Dataset records section start

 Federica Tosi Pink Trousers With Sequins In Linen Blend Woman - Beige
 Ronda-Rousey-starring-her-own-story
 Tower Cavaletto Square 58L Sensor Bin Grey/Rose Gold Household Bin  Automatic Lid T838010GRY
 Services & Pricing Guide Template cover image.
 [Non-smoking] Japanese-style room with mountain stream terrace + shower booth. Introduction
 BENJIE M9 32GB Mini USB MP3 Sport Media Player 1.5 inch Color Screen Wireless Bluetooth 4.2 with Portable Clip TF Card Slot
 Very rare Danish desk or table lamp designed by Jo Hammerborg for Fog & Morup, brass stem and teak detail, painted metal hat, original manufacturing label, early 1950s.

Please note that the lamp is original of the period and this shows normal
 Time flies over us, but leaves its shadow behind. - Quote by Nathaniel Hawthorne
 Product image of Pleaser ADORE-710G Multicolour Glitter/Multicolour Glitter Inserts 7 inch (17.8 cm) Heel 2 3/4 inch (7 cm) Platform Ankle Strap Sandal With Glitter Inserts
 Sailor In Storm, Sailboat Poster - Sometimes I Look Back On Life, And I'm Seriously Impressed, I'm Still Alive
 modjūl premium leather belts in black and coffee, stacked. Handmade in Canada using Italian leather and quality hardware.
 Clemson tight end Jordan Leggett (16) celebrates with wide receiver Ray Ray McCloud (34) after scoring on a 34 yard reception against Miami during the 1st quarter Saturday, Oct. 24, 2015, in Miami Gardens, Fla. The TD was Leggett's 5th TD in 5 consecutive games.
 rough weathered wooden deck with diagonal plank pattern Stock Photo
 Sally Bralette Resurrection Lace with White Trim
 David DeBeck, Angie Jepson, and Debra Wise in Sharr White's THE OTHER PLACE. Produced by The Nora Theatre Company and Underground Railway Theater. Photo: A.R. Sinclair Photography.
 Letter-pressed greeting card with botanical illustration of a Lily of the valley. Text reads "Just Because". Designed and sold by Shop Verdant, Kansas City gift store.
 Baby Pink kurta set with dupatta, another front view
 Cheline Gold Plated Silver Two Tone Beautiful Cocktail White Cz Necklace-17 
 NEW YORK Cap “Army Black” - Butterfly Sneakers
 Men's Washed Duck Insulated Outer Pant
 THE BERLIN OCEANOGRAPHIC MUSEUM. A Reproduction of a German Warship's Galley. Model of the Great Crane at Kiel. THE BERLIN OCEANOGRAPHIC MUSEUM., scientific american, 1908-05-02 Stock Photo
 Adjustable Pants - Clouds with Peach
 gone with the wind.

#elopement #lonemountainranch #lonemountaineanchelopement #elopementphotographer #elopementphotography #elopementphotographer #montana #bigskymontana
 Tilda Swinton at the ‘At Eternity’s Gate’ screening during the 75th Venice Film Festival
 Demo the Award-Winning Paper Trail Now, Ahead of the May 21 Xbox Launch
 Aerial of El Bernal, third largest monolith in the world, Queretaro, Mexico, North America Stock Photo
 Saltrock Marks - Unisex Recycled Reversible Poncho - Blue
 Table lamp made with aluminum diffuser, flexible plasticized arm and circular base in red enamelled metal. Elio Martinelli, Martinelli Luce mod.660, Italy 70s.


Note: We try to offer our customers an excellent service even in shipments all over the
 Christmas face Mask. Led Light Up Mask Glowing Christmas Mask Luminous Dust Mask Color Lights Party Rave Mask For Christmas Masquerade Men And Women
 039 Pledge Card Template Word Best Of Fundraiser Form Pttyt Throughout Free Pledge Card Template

Dataset records section end

Above are the records; report how many of their lines hold the string "inch", with no other words.

• _Your response_
2